-- EXERCISE OBJECTIVE --
Your task is to repeat exactly the lines below between the line holding "Dunlop Direzza DZ102 275/35R18 95 W Tire" and the line holding "DayDot Journals A5", inclusive, and only those.

** THE RECORDS follows **

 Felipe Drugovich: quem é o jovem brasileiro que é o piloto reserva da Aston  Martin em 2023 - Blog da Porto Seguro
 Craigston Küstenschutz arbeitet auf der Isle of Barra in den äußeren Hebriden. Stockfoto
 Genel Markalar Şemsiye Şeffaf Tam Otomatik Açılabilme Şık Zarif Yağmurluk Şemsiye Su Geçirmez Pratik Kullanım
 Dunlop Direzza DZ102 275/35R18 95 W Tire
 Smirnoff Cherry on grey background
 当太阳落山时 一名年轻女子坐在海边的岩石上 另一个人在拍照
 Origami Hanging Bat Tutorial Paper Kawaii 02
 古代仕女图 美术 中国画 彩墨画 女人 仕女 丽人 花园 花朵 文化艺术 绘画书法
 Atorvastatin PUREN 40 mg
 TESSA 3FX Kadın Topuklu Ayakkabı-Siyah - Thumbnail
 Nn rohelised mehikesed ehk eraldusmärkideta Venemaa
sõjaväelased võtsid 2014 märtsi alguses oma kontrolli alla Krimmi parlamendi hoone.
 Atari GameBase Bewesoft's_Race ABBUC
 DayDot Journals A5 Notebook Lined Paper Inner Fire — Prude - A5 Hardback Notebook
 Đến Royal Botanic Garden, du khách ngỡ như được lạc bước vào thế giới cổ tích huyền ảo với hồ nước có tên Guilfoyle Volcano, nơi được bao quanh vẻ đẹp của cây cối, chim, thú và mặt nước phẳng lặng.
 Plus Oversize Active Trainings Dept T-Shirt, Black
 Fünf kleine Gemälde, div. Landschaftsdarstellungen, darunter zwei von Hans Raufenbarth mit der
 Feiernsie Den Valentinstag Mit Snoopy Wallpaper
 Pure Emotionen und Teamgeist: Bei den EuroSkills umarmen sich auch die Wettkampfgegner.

** End of THE RECORDS **

-- WRITTEN ANSWER --
 Dunlop Direzza DZ102 275/35R18 95 W Tire
 Smirnoff Cherry on grey background
 当太阳落山时 一名年轻女子坐在海边的岩石上 另一个人在拍照
 Origami Hanging Bat Tutorial Paper Kawaii 02
 古代仕女图 美术 中国画 彩墨画 女人 仕女 丽人 花园 花朵 文化艺术 绘画书法
 Atorvastatin PUREN 40 mg
 TESSA 3FX Kadın Topuklu Ayakkabı-Siyah - Thumbnail
 Nn rohelised mehikesed ehk eraldusmärkideta Venemaa
sõjaväelased võtsid 2014 märtsi alguses oma kontrolli alla Krimmi parlamendi hoone.
 Atari GameBase Bewesoft's_Race ABBUC
 DayDot Journals A5 Notebook Lined Paper Inner Fire — Prude - A5 Hardback Notebook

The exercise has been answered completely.